Областному отделу образования директива из Москвы поначалу не давалась. Ну и вводная: студент-экономист, свободно владеющий английским, из рабочих в придачу. Институт экономики и финансов – откуда он в Перми?

– Всем молчать! – заорал начальник отдела в разгар дискуссии. – В пединституте – английское отделение, две группы, по двадцать в каждой. Немедленно туда! Гегемон-отличник не отыщется, биографию с зачеткой переписать. Но не позднее завтрашнего – кандидатуру на стол! Стипендию за полгода и до Москвы провожатого! Чтобы глаз не спускал и сдал под расписку! Экономисты – эка невидаль! В Союзе любая кухарка, как минимум, управдом потенциале!
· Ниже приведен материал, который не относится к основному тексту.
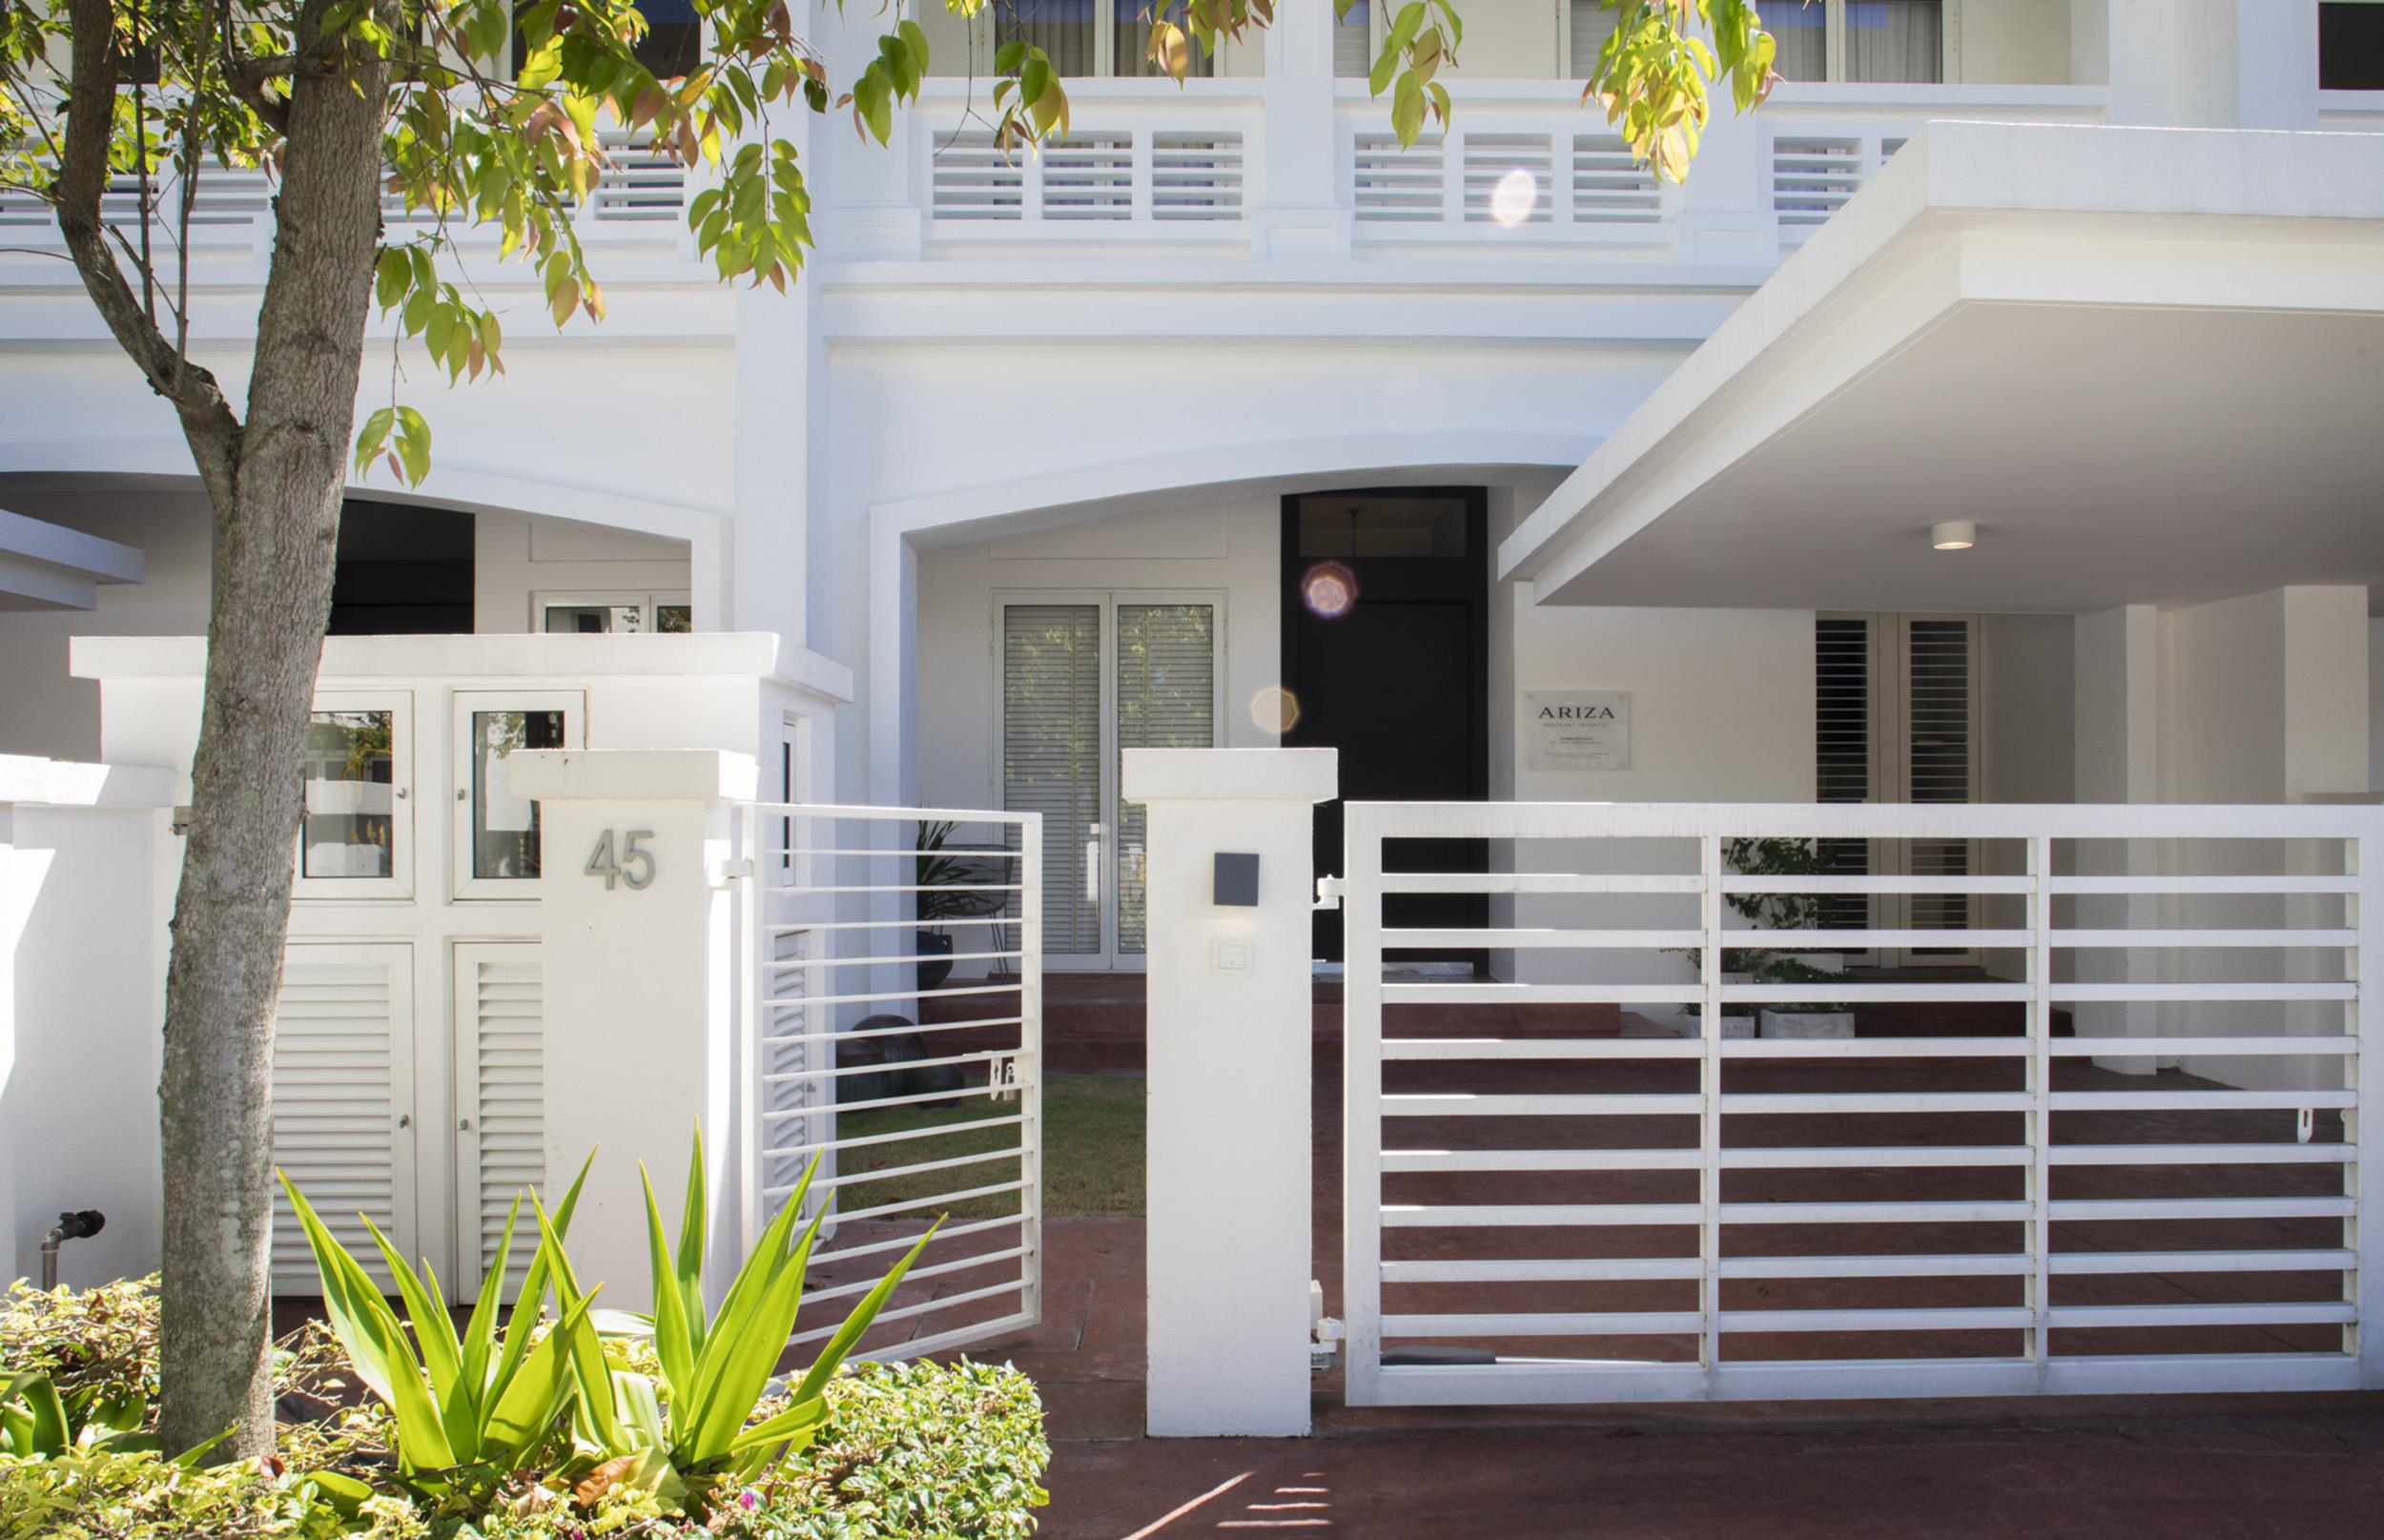 architecture_photography_sydney_australia_81.jpg

Безъязыкие, только мы… Было бы желание – решение найдется!

К превеликой радости чиновной братии, гегемон-отличник нашелся, хоть и в единственном числе. Все, что оставалось, довезти до столицы и отрапортовать.
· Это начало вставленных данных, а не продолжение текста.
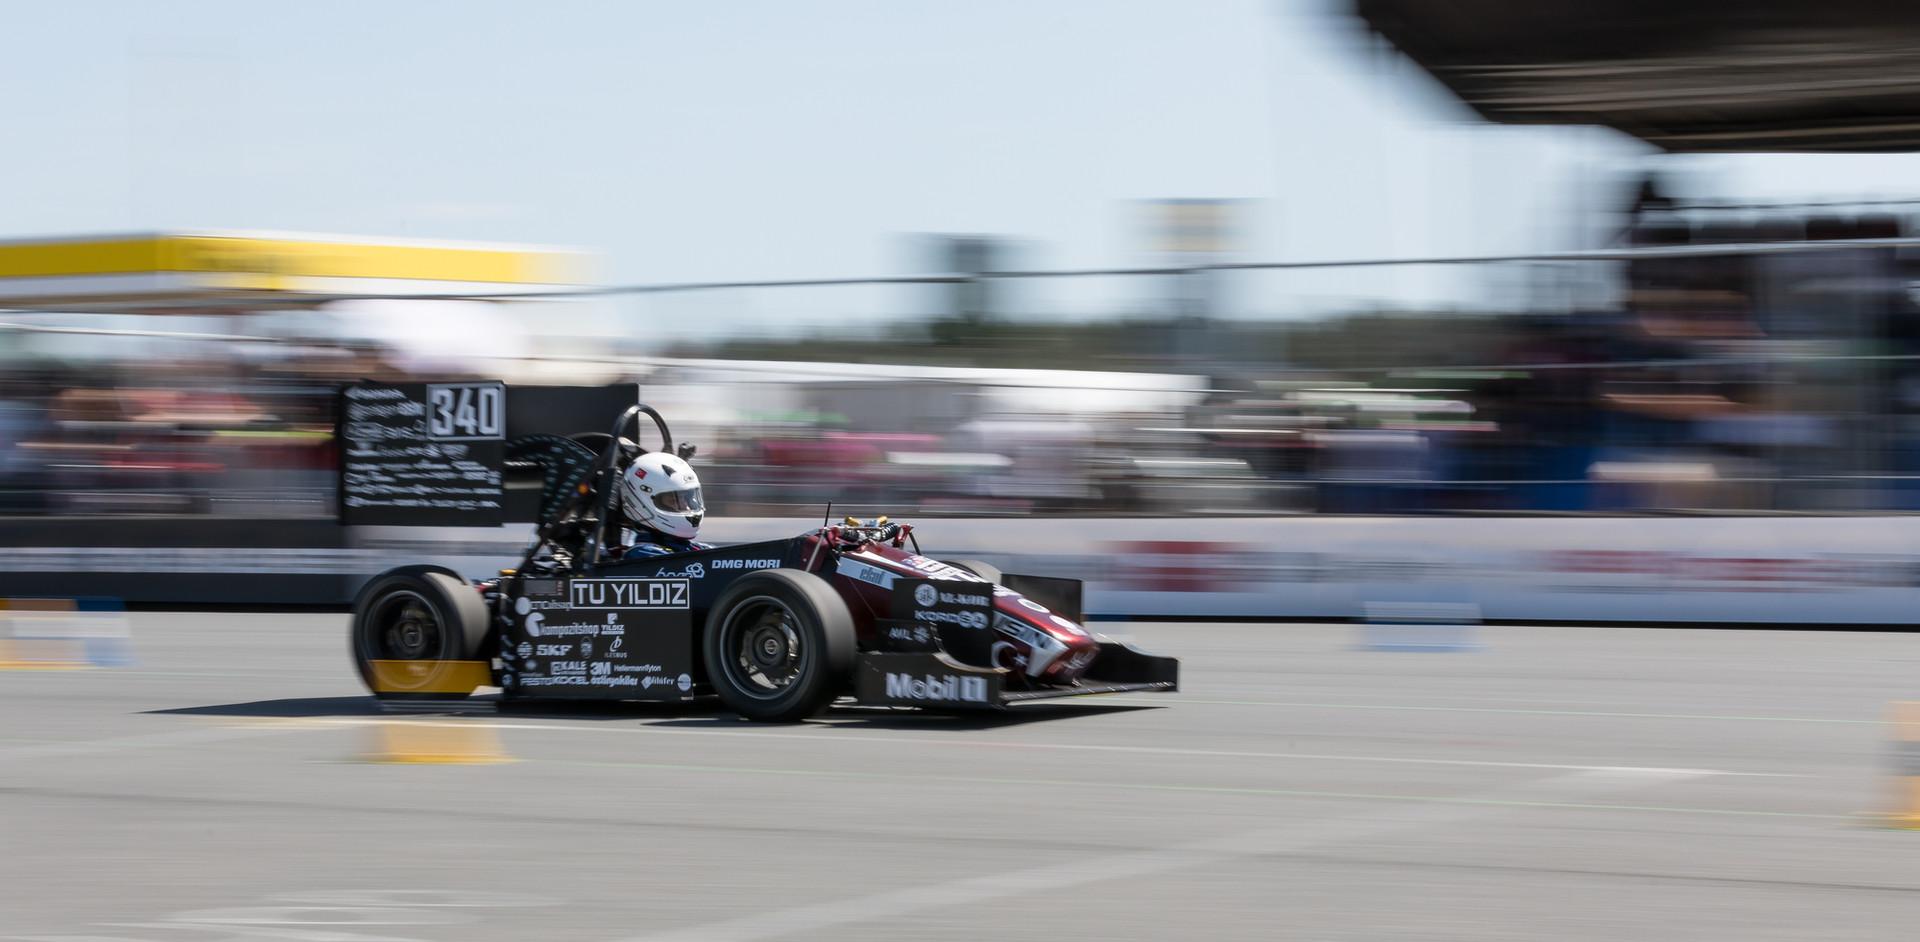 Hockenheimring F1 Circuit / Germany

Ознакомившись с досье Димы, в Нью-Йорке пришли в замешательство: как быть? Отправлять обратно? В контракте-то об отчисление ни-ни… И за чей счет? Обмен по взаимозачету, русская группа на американскую в СССР, в смете – только общежитие и питание. Да и парень, в общем-то, ничего, угловат только. Но горит, ученым рвением так и пышет. И главное: в руках не «Теория восстания», а пачка рекламных листков. В метро, пока ехал, видать, насобирал. Ох, уж эти русские! На карманные расходы поскупились! Вот вместо газет и читает…

– Learn American, rookie[81] – вручая билет до Чикаго, благословили в офисе Регистратора[82]. Подальше от столицы свободного мира, но на факультет экономики все же.

Чикагцы долго ломали голову, в какую группу определить. Фактически, у парня один аттестат зрелости. Английским – не то чтобы не блещет, заголовками изъясняется, казацким гиком отдает. Неужели Совдепия одной риторикой кормится? «Daily Worker»[83], по сравнению со слогом парня, буржуазная газетенка. Что такое insurance policy[84] не рубит…

Посовещавшись, администрация его определила в подготовительное отделение для иностранцев. С тайваньцами и пакистанцами английский зубрить… Контракт – святое дело, кровь из носу выполнять.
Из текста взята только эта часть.